# Realtek RTL8111e cannot send any packets



## j4r3ck (Mar 21, 2014)

Welcome.

I had new FreeBSD 10.0-RELEASE installed on my new PC, just for testing. This PC have ASUS P8H61-MX R2.0 motherboard, which contains integrated NIC Realtek RTL8111e. I theoretically configured it on the FreeBSD install process. But, it can't send any packets. This NIC is shown if I type `ifconfig -a` command, but with using a trick by `ifconfig re0 -rxcsum -txcsum` it works, but if I reboot the system, I must type it again. And, if I type it to /etc/rc.conf, this trick won't work - the NIC can't send any packets.

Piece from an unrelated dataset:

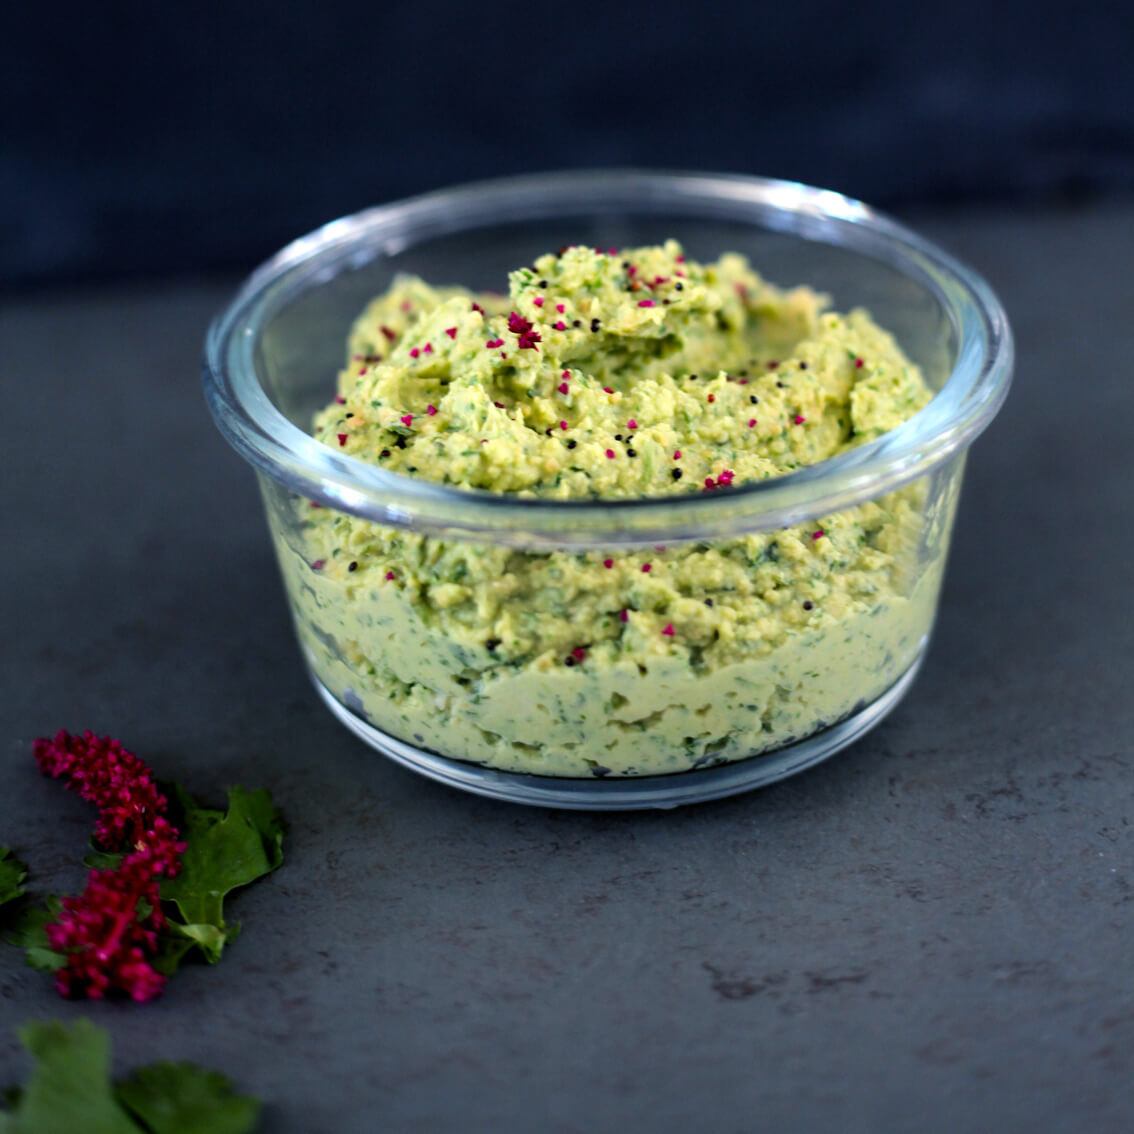 Green Cilantro Hummus

What's the problem? Poor quality driver or TCP/IP stack problem? And, what to do if I want to use FreeBSD normally with this NIC or buy a new NIC for PCI-E x1?


----------



## SirDice (Mar 21, 2014)

Realtek tends to modify their chips regularly without changing the identifications. They're not the best cards to have anyway but they're cheap. For some reason I seem to be lucky with all my Realtek cards but I do have issues from time to time. 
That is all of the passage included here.